INFORMATION PROVIDED:
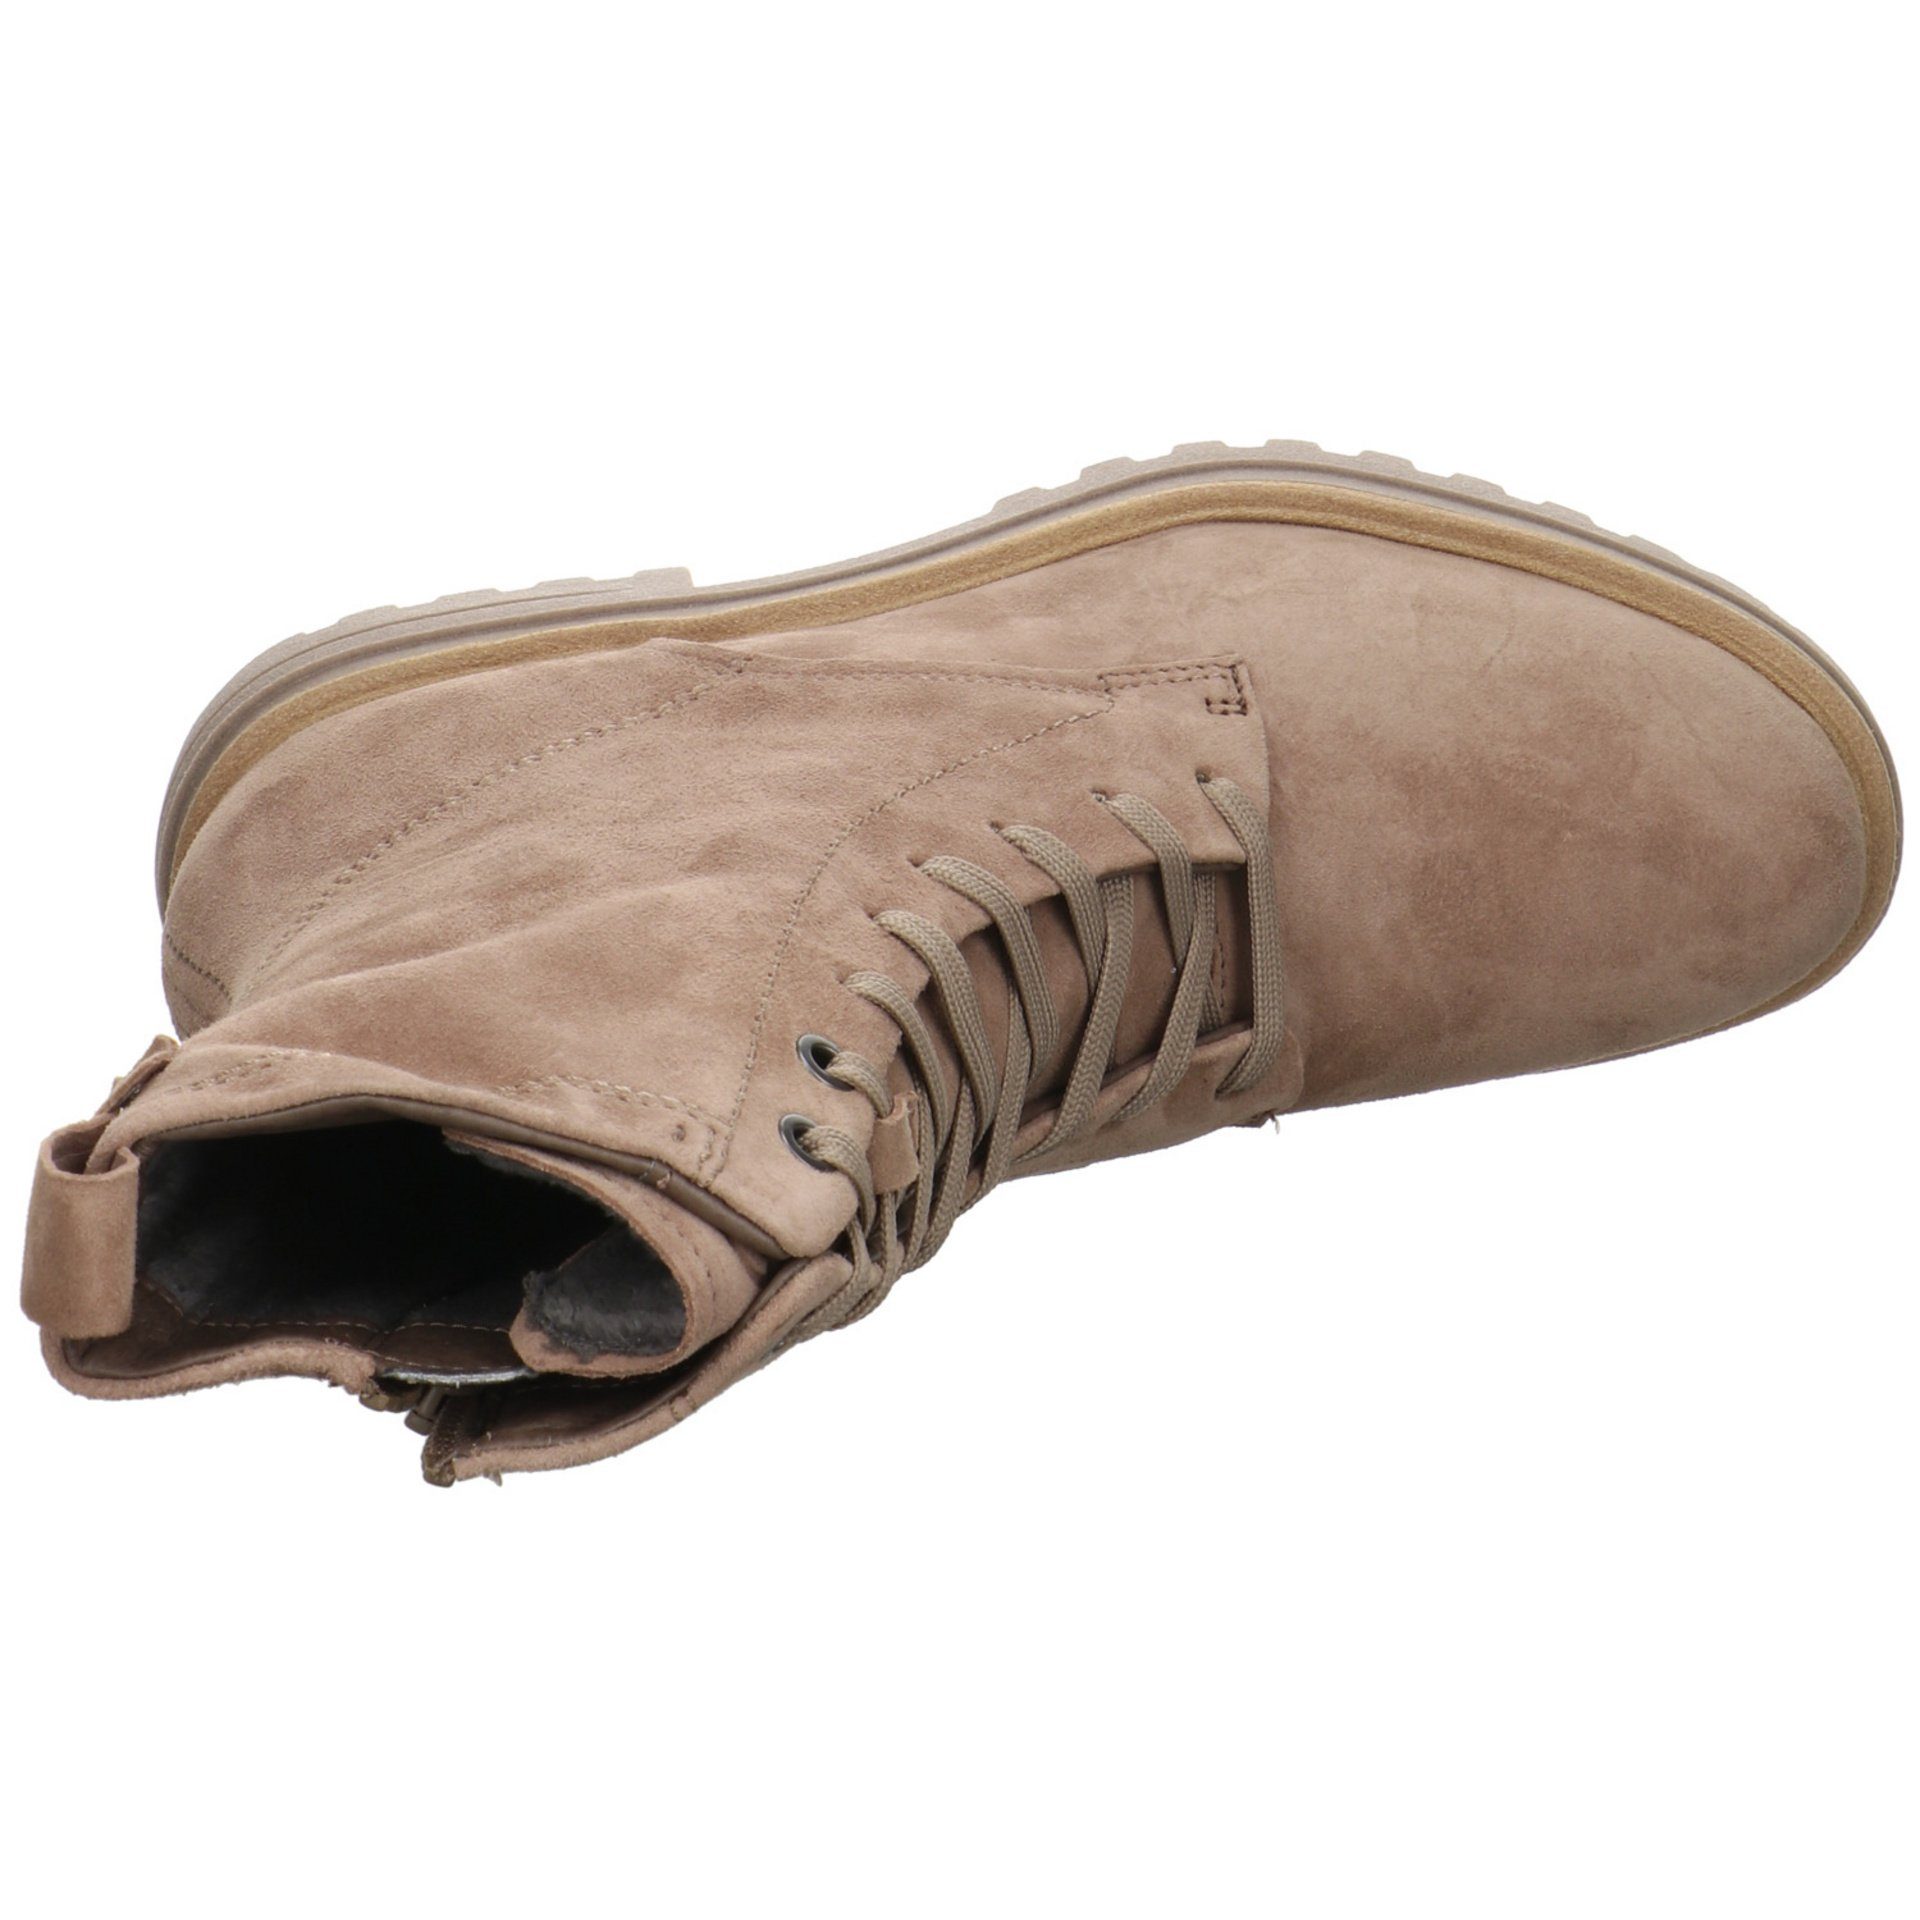 Boots Freizeit Tamaris (TAUPE Damen SUEDE) Schnürstiefelette Stiefeletten Elegant Braun Schuhe Veloursleder
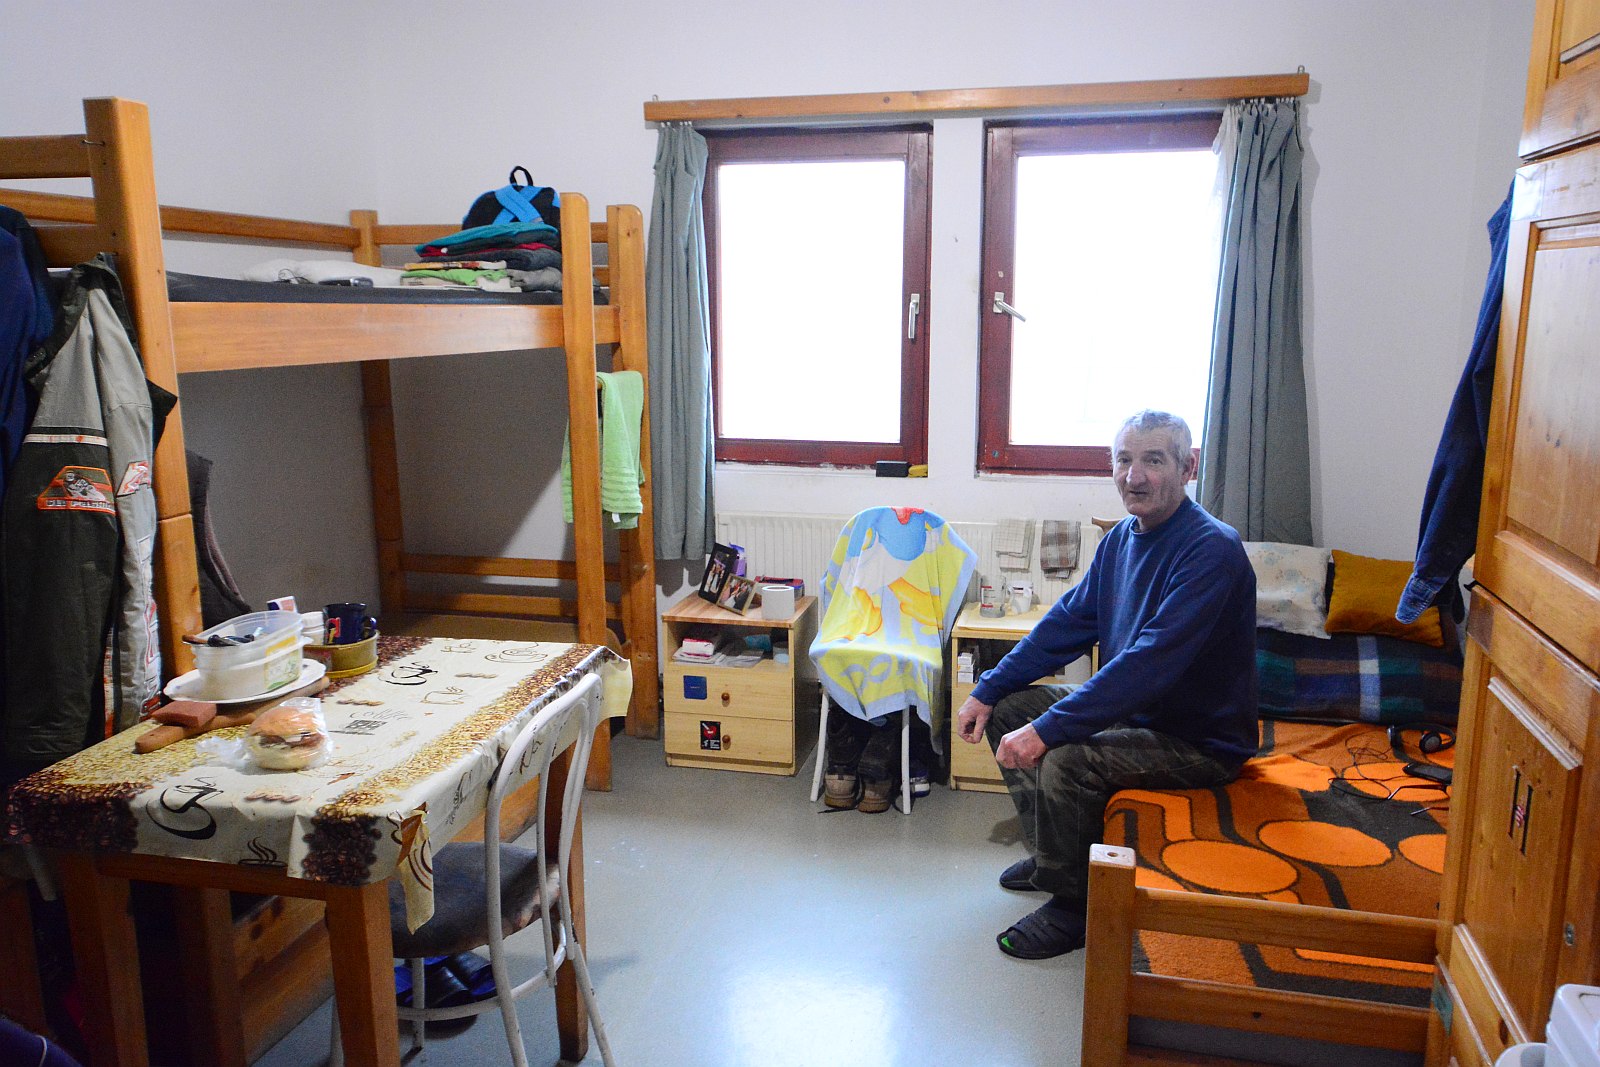 Hol ér véget a felelős gondoskodás? - a hajléktalanellátásról Székesfehérváron
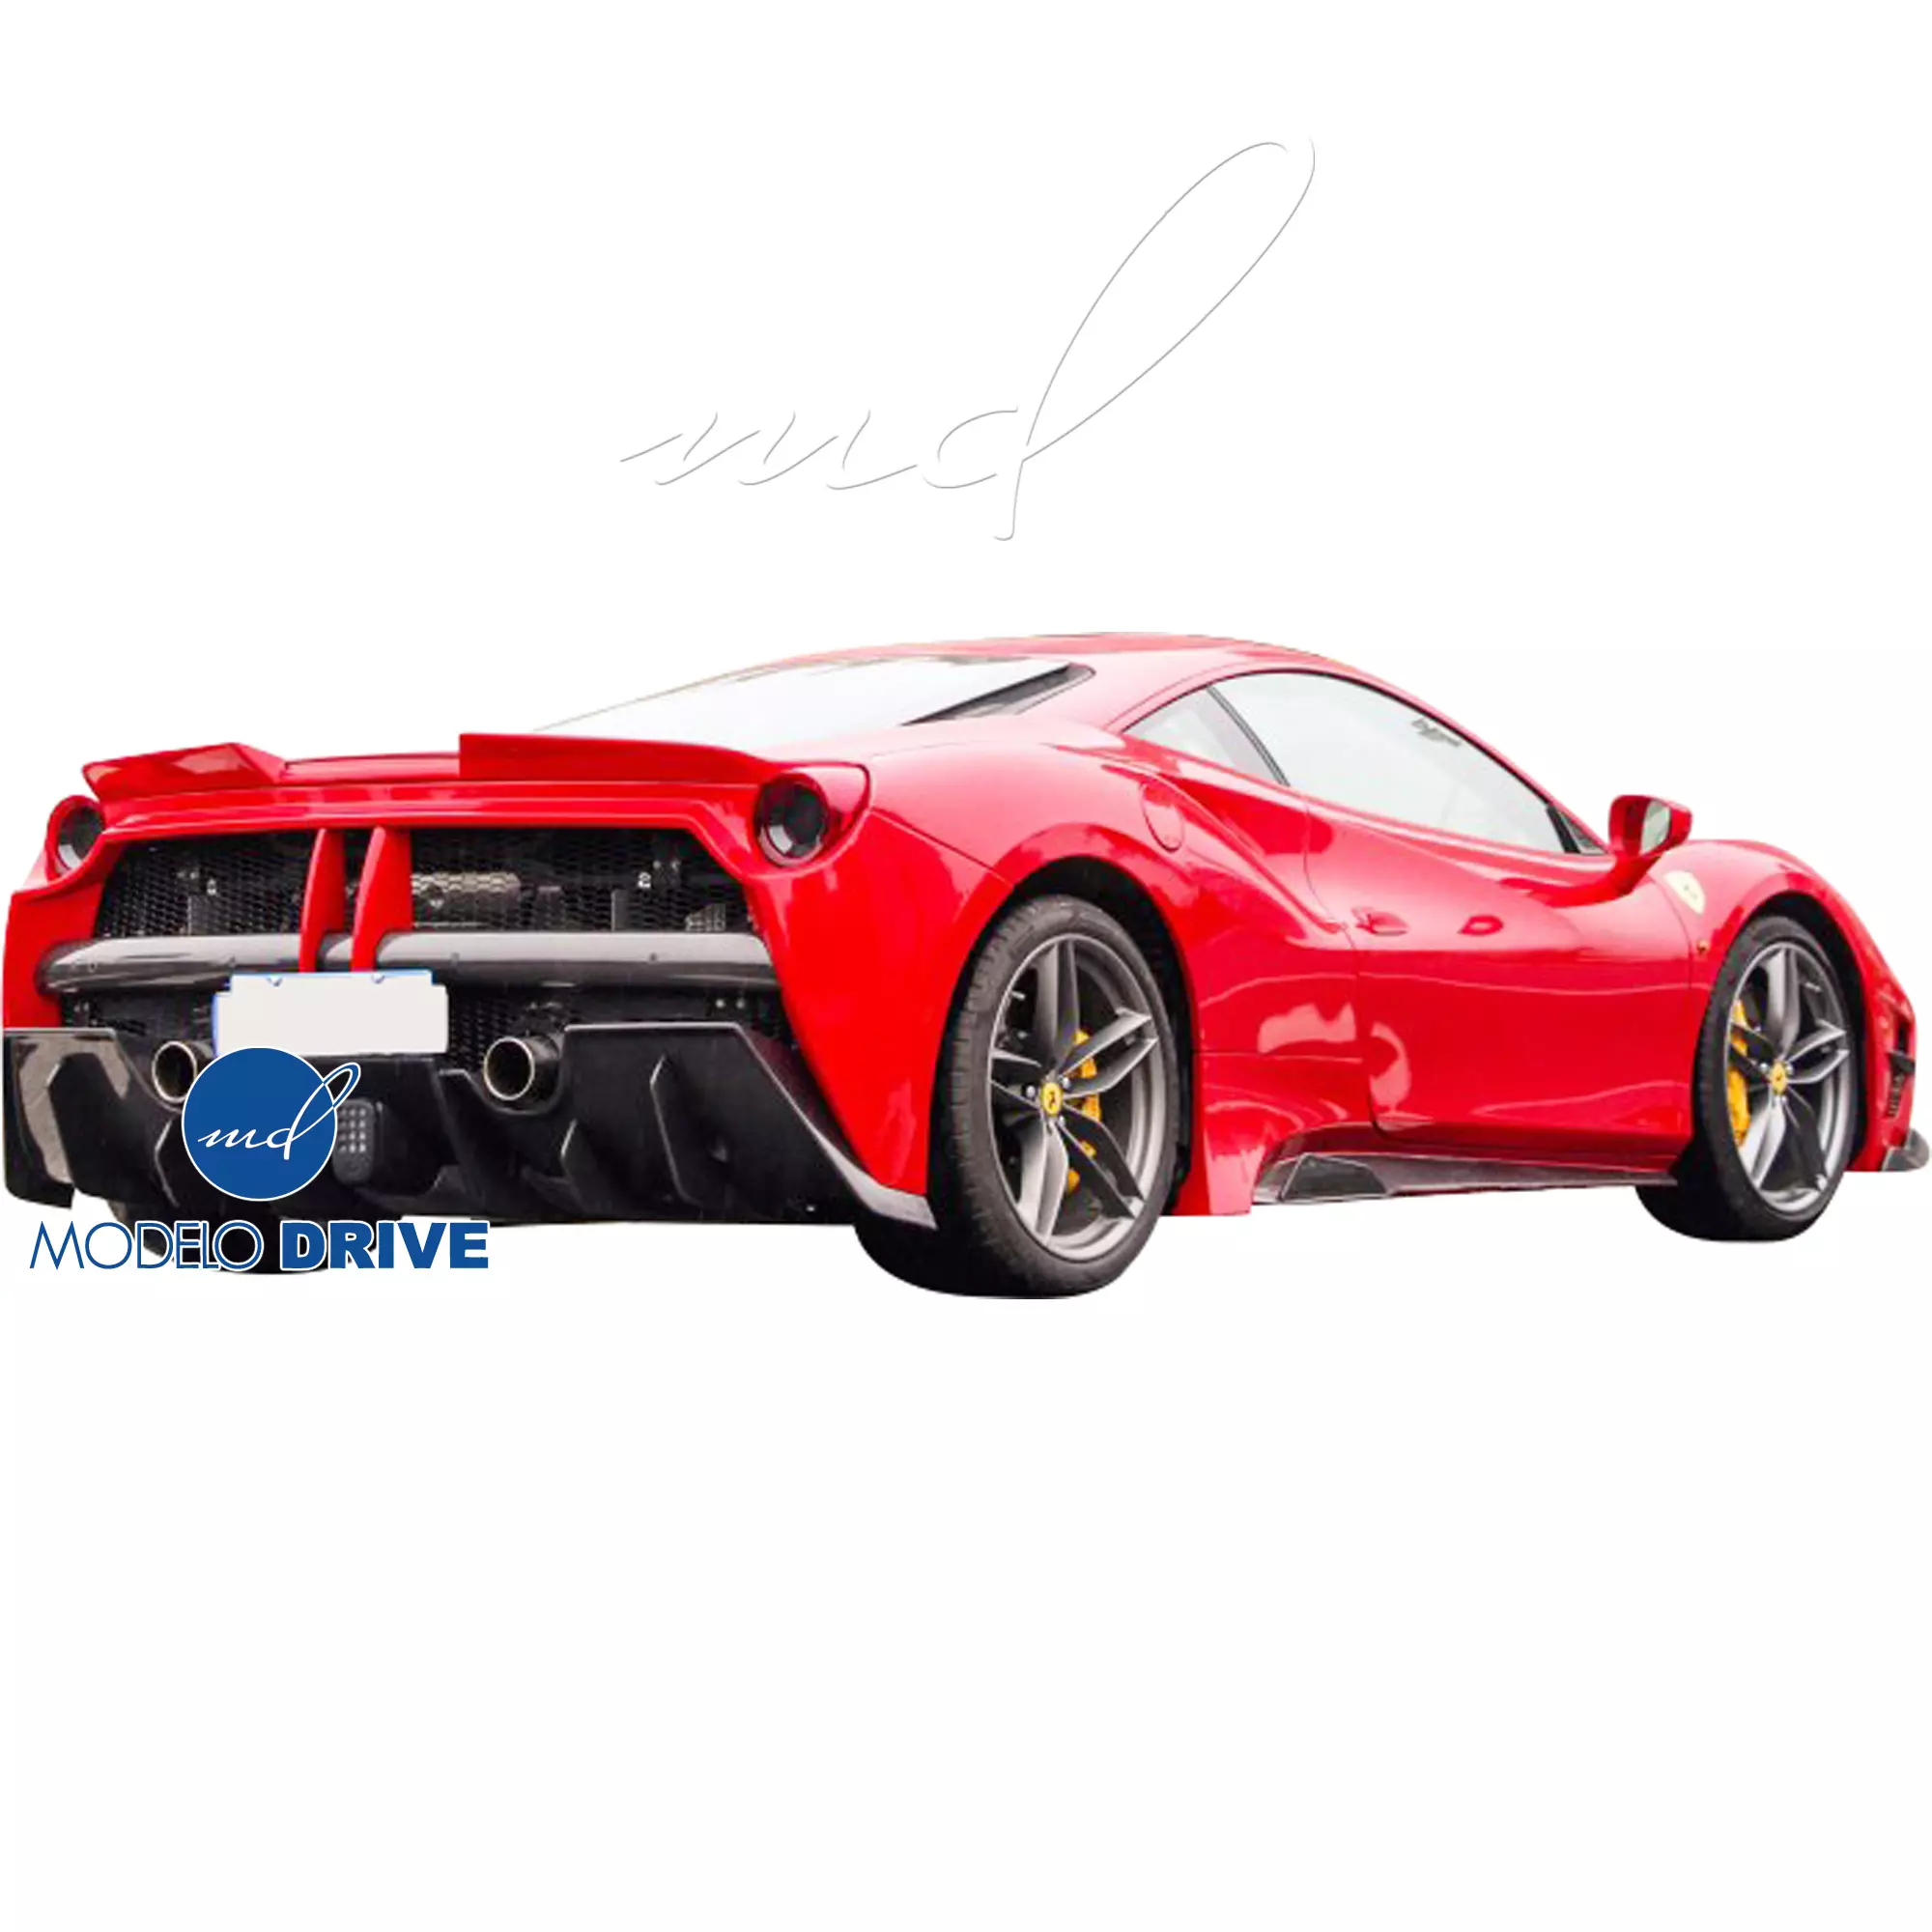 ModeloDrive Partial Carbon Fiber MDES Rear Bumper w Diffuser > Ferrari 488 GTB F142M 2016-2019 - Image 6

WORK INSTRUCTION:
Omit pictures; set down the rest of the material word for word.

EXERCISE RESPONSE:
 Boots Freizeit Tamaris (TAUPE Damen SUEDE) Schnürstiefelette Stiefeletten Elegant Braun Schuhe Veloursleder
 Hol ér véget a felelős gondoskodás? - a hajléktalanellátásról Székesfehérváron
 ModeloDrive Partial Carbon Fiber MDES Rear Bumper w Diffuser > Ferrari 488 GTB F142M 2016-2019 - Image 6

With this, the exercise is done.